Roads ridden with red

Roads ridden with red—sun go down sun—to touch the dance along the tremor. Last night I stayed up alright all night. I watched the street lights countdown as the cars came buckling around the corner, and spilt like a new drink of red, a boy gets knocked down by every girl who slightly unloosens a smile, unwavering, quivering, shivering in the black velvet sheets held up in the back of a quite quant portrait. When I was young I expanded my horizons with a smile, and laid up my inhibitions to the whims of a photographer who liked to get naked when he was afraid. I liked it better when I was young. My living room light likes to flicker and die. I like to sit and eulogize. He likes my euphemisms.

When I clap my hands and the light shatters like a stained glass window, and mother Mary slices her wrists as a shade of scarlet is pulled from underneath her dress, and the world whirls down the stony steps high fiving all the primary colors as it goes wish wish wish; when we kiss, the hair on my skin stands up; when we touch, I wait until my breathe catches up; when we spend ourselves for a moment cut from the same cloth that our mother’s prayed over us while we shut the world up into the higher heavens, I, not that I feel now but that I have felt and will still feel, tremble as it slides near like the ocean, pulling bits and pieces as it withdraws and advances, withdraws and advances . The moon looked pretty anyways.
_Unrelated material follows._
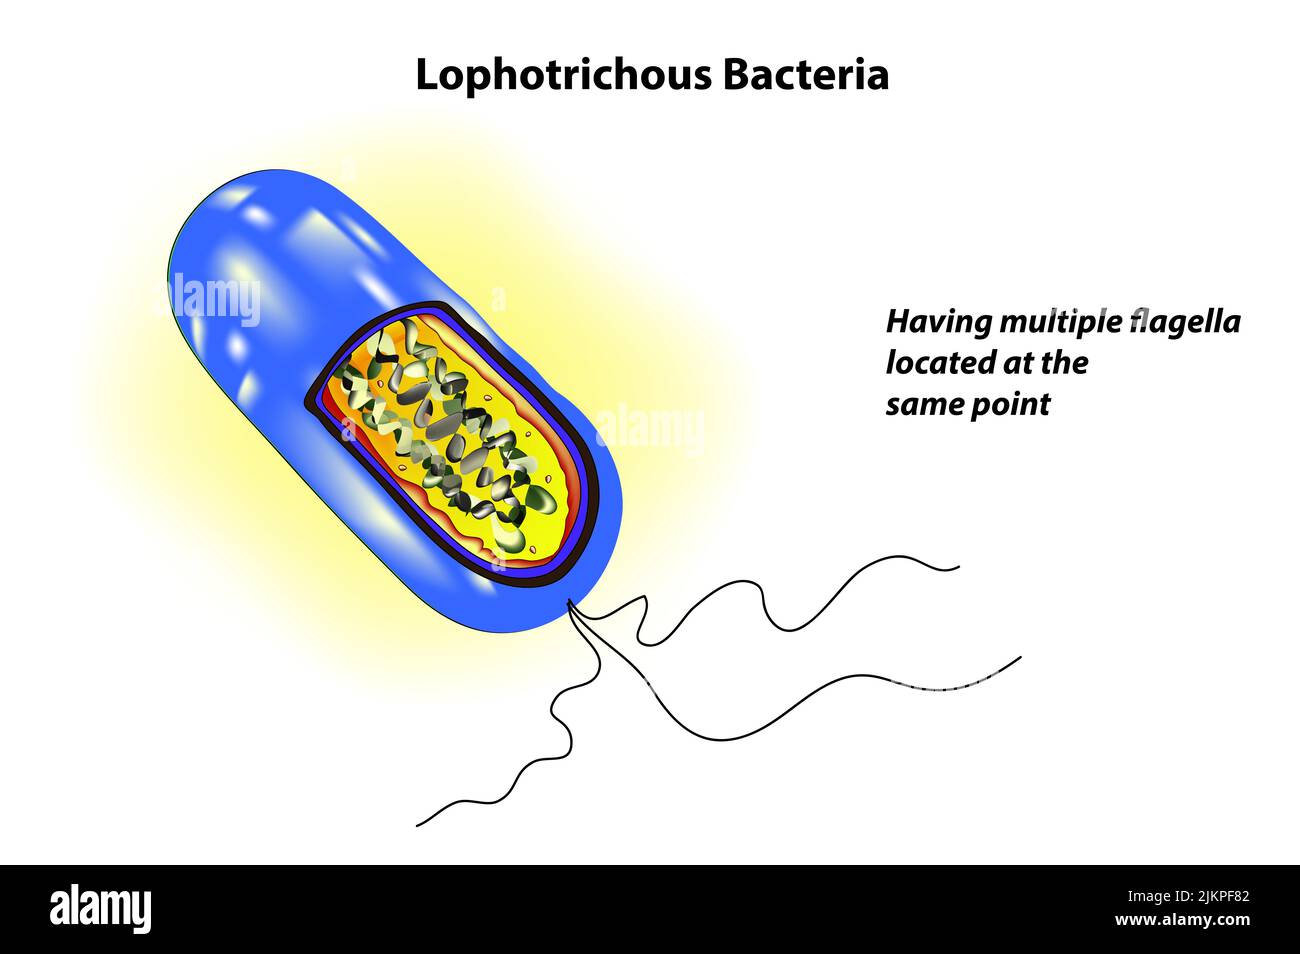 Lophotrichous Bacteria (multiple flagella located at the same spot on the bacteria's surfaces) Stock Photo

When we pull these white sheets up to our chins—white—when we will ourselves over to the bubbling air popping and howling out of the dry cracked earth. And pull in our knees till we turn blue in the face like a, like a, like a red minted portrait cut for you and me. It kills. Hushed up like that, so dip and bend and scoop it up to your mouth and let the—white—rain slide down your eyes wide open. Terror because it feels too deep. Sensitive like clothes on a laundry line. Hung up in noon and taken down in the evening. We see when we fall down on our backs. And let the clouds sheet over our bodies and lull us to sleep with a how and a wait and a tremor that shivers the spine and placates our hopes held onto till we feel the burst, like a smiling watermelon carrooning towards the pavement. Ooh. We’ll know it when we see it.